- Task goal: Each record is to be copied exactly, with its pictures left behind.
- - -
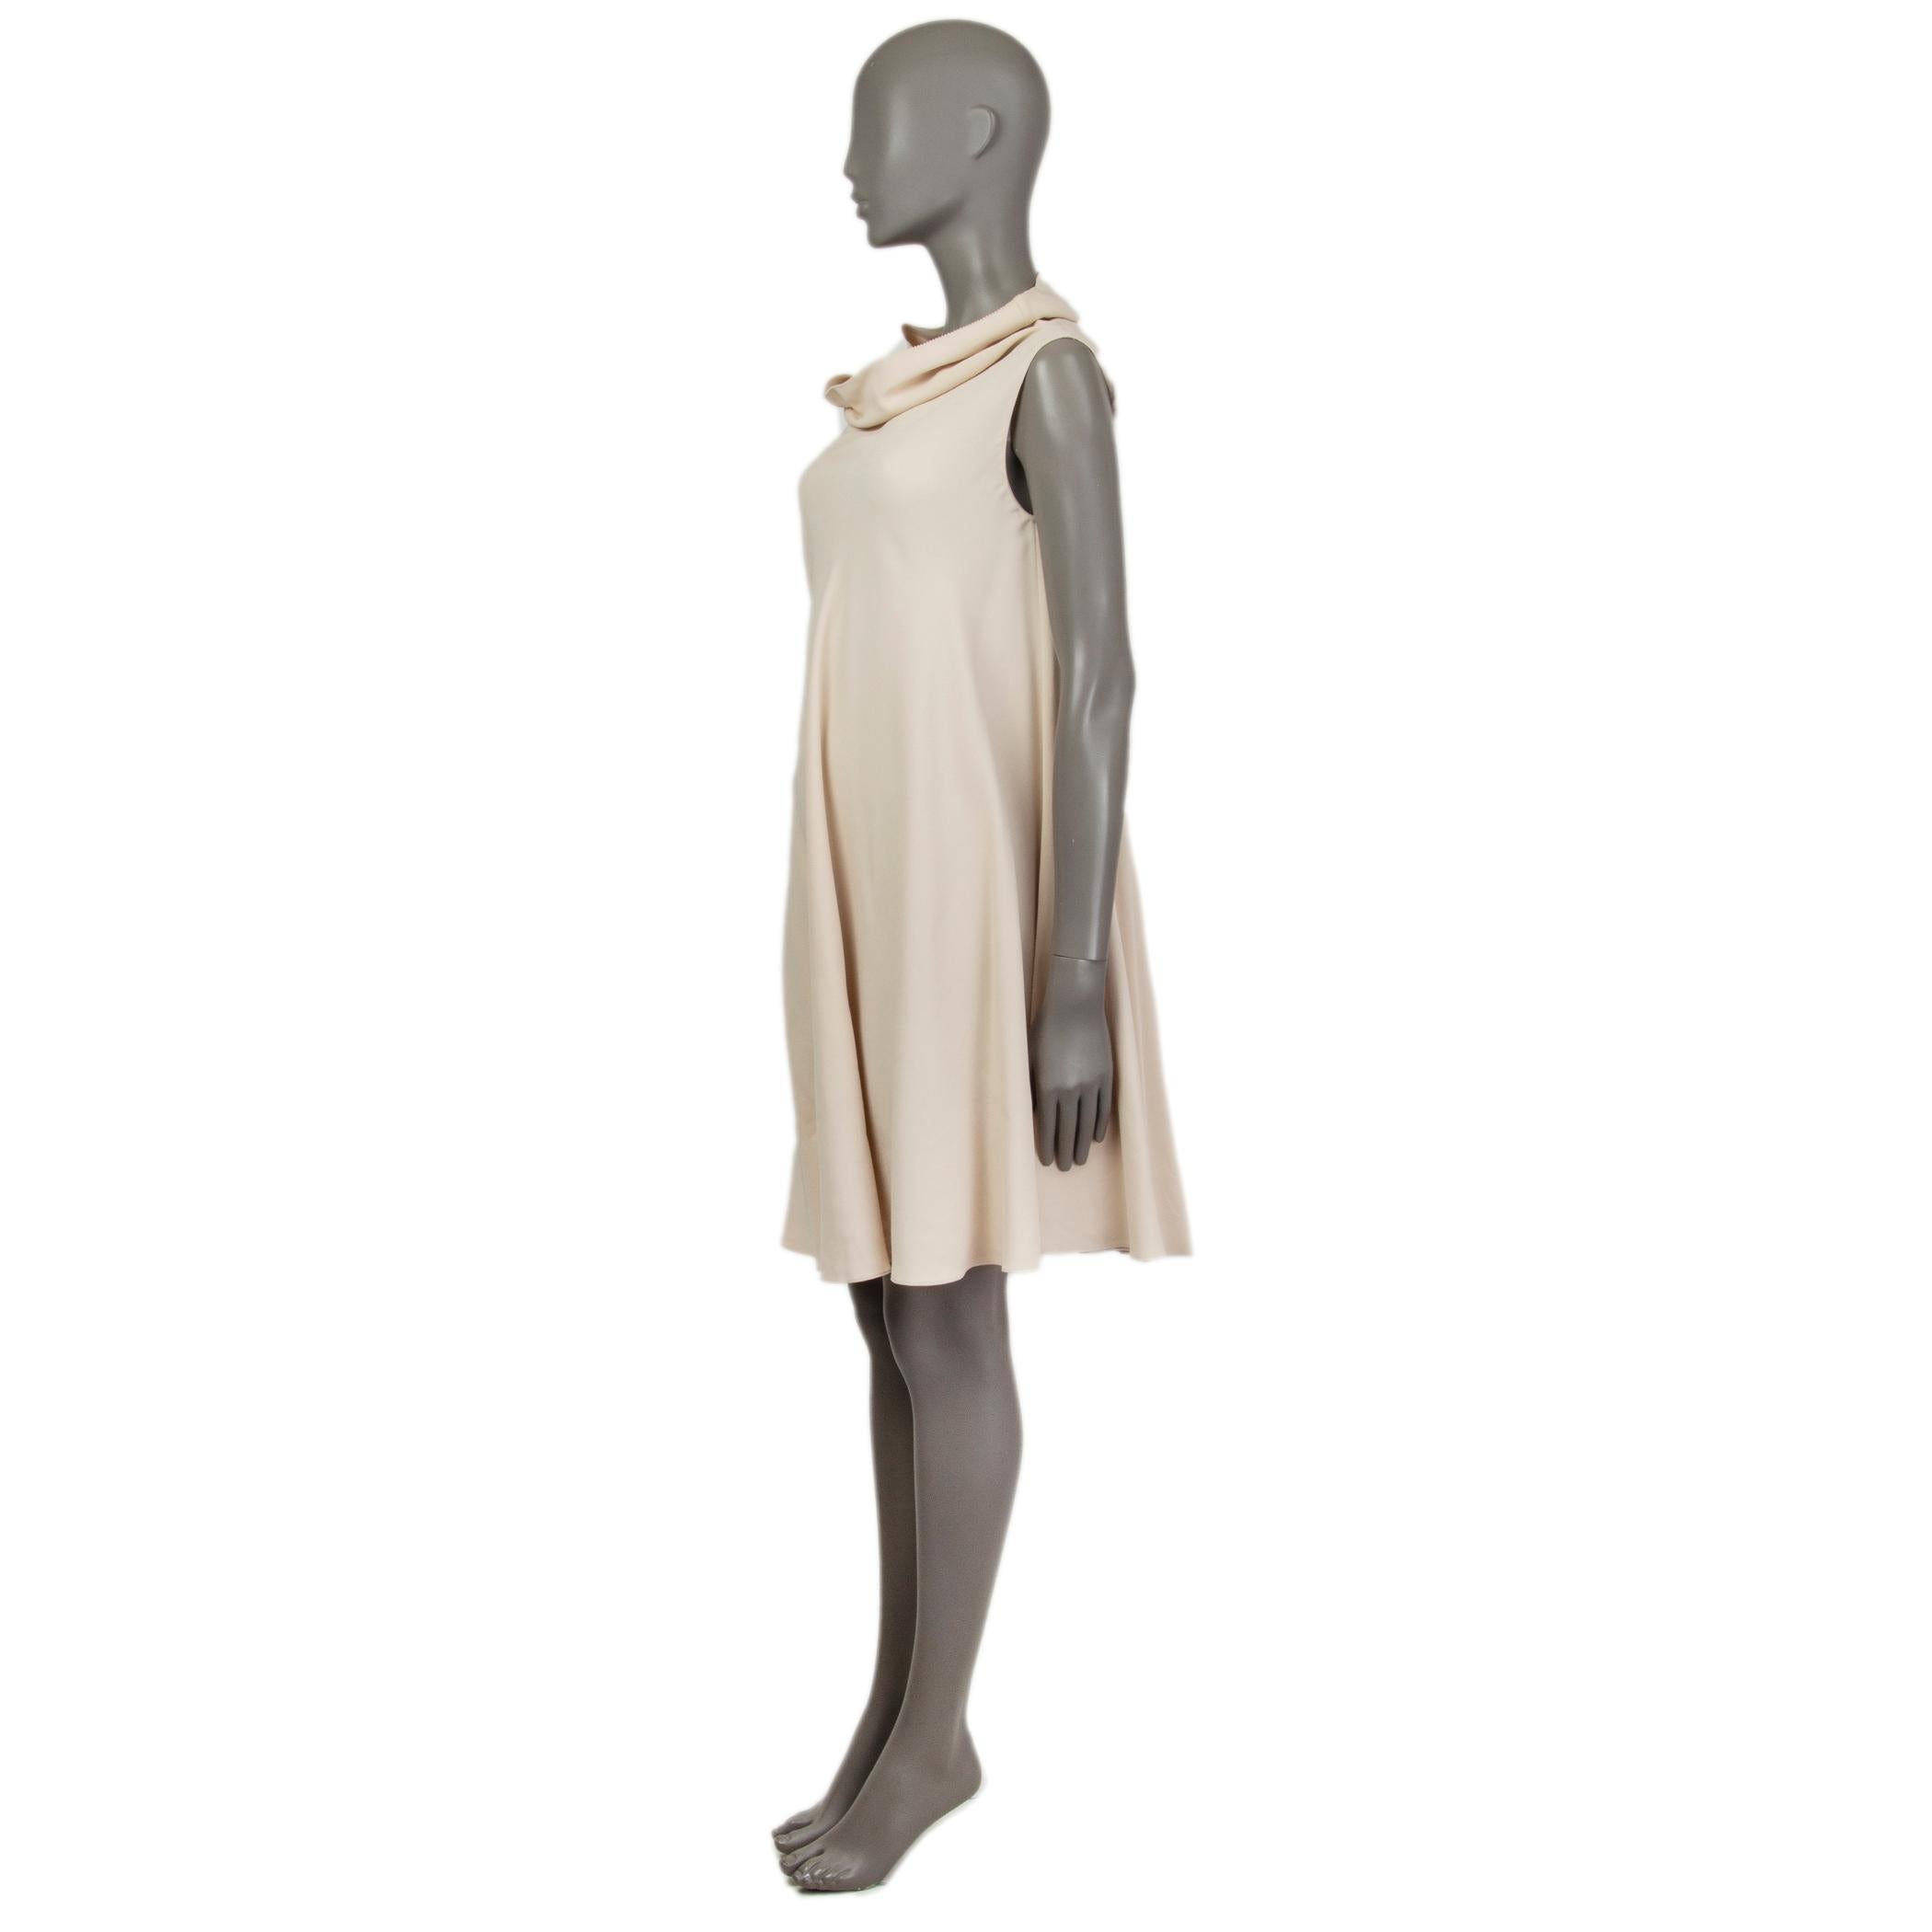 The Row tent dress in light beige viscose (95%) and elastane (5%). With cowl neck and two slit pockets on the sides. Unlined. Has been worn and is in excellent condition. 

Tag Size S
Size S
Bust 100cm (39in) to 116cm (45.2in)
Waist 140cm (54.6in)
- - -
- Task answer:
 The Row tent dress in light beige viscose (95%) and elastane (5%). With cowl neck and two slit pockets on the sides. Unlined. Has been worn and is in excellent condition. 

Tag Size S
Size S
Bust 100cm (39in) to 116cm (45.2in)
Waist 140cm (54.6in)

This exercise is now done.